-- Task instructions --
In your copy, leave out the pictures and reproduce the listing below exactly.

-- Input data --

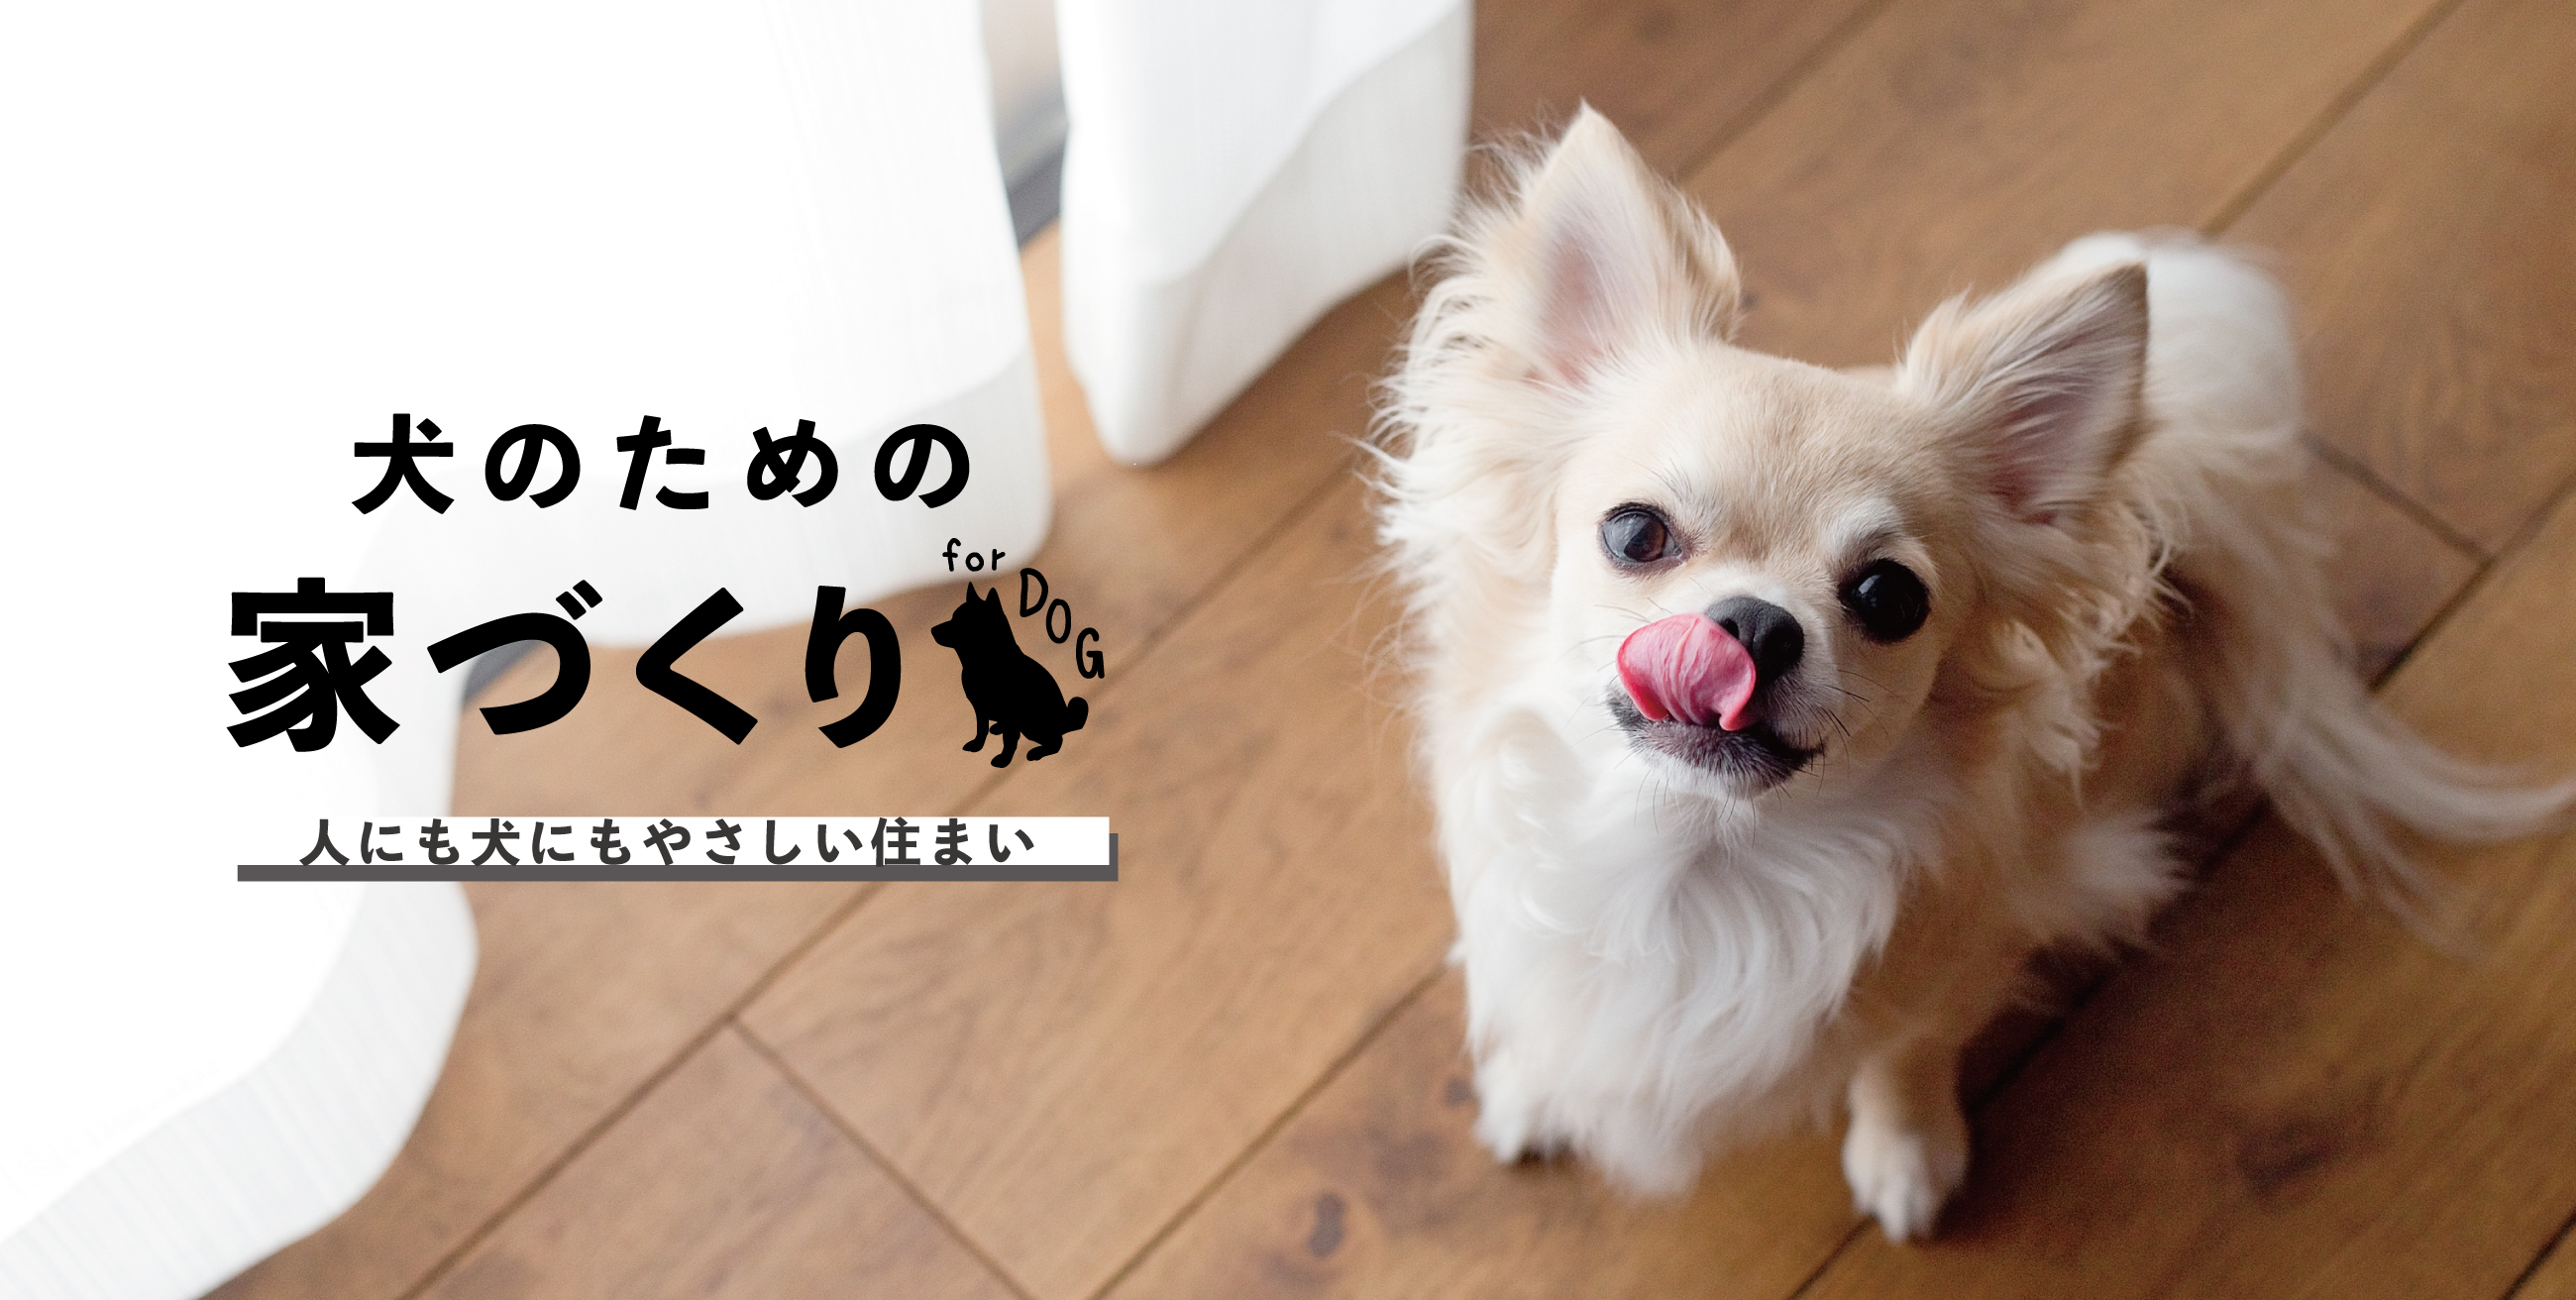 犬のための家づくり 人にも犬にもやさしい住まい マンションリフォーム リノベーションのサンリフォーム 大阪 神戸 西宮 吹田 京都 横浜 東京
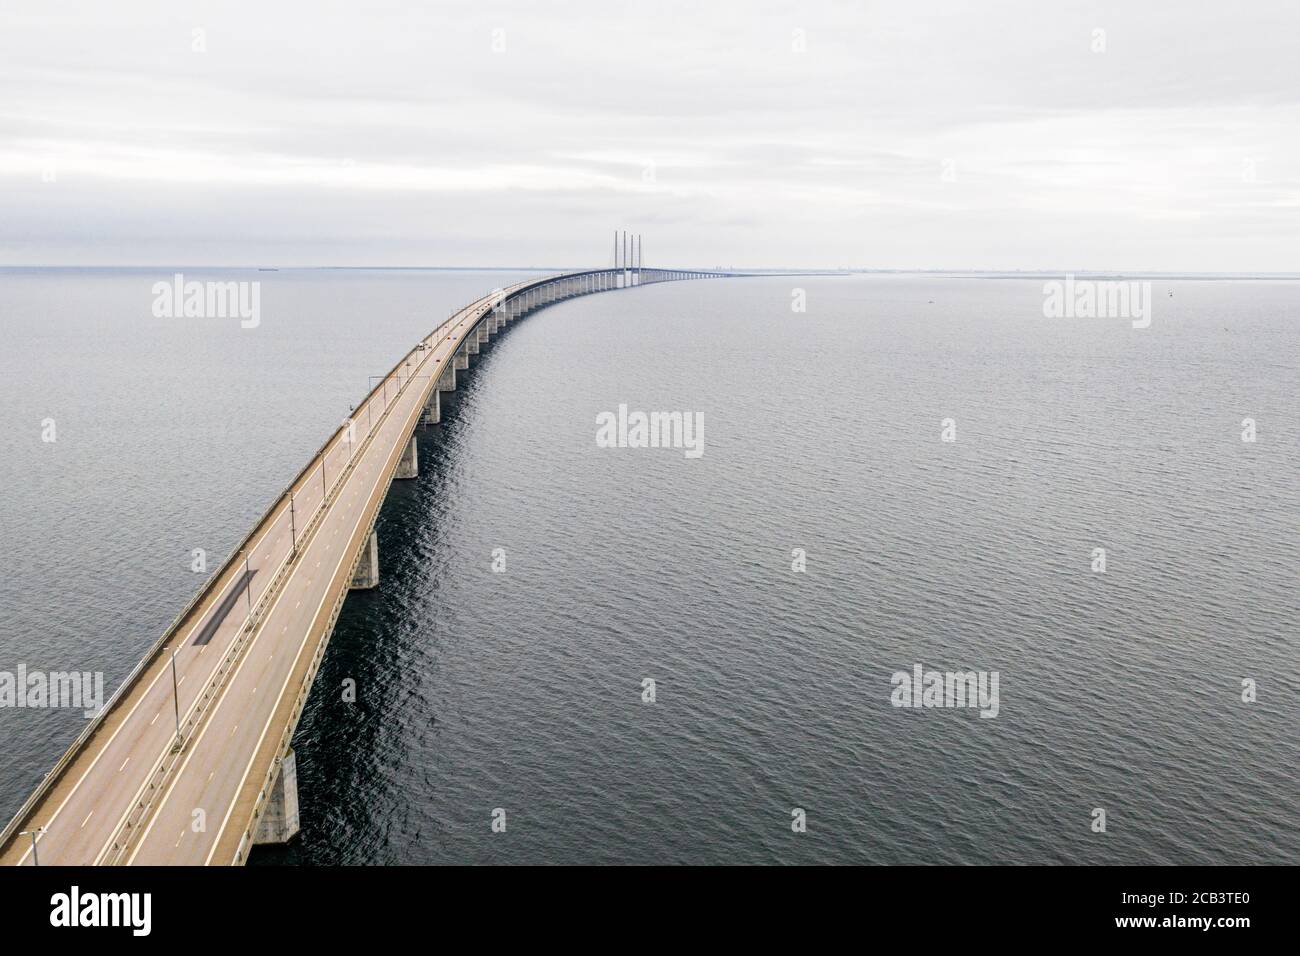 Landschaftlich reizvolle Luftaufnahme der Öresundbrücke über den Öresund  straße, die Schweden und Dänemark verbindet Stockfotografie - Alamy
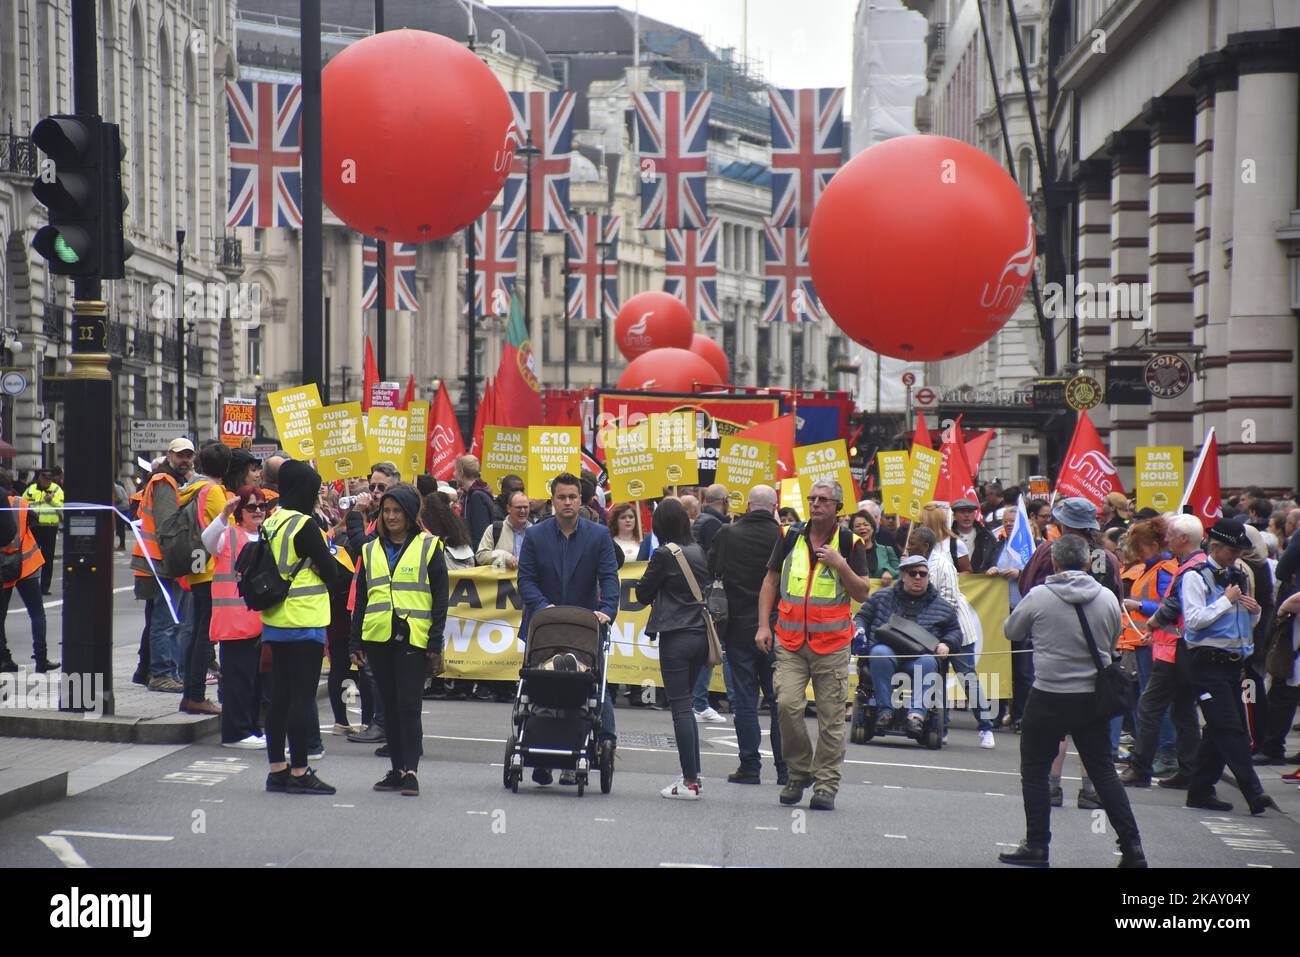 Der Trades Union Congress (TUC) marschieren durch das Zentrum Londons und fordern am 12. Mai 2018 einen neuen Deal für die arbeitenden Menschen in London. Die TUC rief am 12. Mai zu einer nationalen Demonstration auf, um ein Ende der Sparpolitik der Regierung und bessere Rechte für alle am Arbeitsplatz zu fordern. (Foto von Alberto Pezzali/NurPhoto) Stockfoto

-- Problem solution --
 犬のための家づくり 人にも犬にもやさしい住まい マンションリフォーム リノベーションのサンリフォーム 大阪 神戸 西宮 吹田 京都 横浜 東京
 Landschaftlich reizvolle Luftaufnahme der Öresundbrücke über den Öresund  straße, die Schweden und Dänemark verbindet Stockfotografie - Alamy
 Der Trades Union Congress (TUC) marschieren durch das Zentrum Londons und fordern am 12. Mai 2018 einen neuen Deal für die arbeitenden Menschen in London. Die TUC rief am 12. Mai zu einer nationalen Demonstration auf, um ein Ende der Sparpolitik der Regierung und bessere Rechte für alle am Arbeitsplatz zu fordern. (Foto von Alberto Pezzali/NurPhoto) Stockfoto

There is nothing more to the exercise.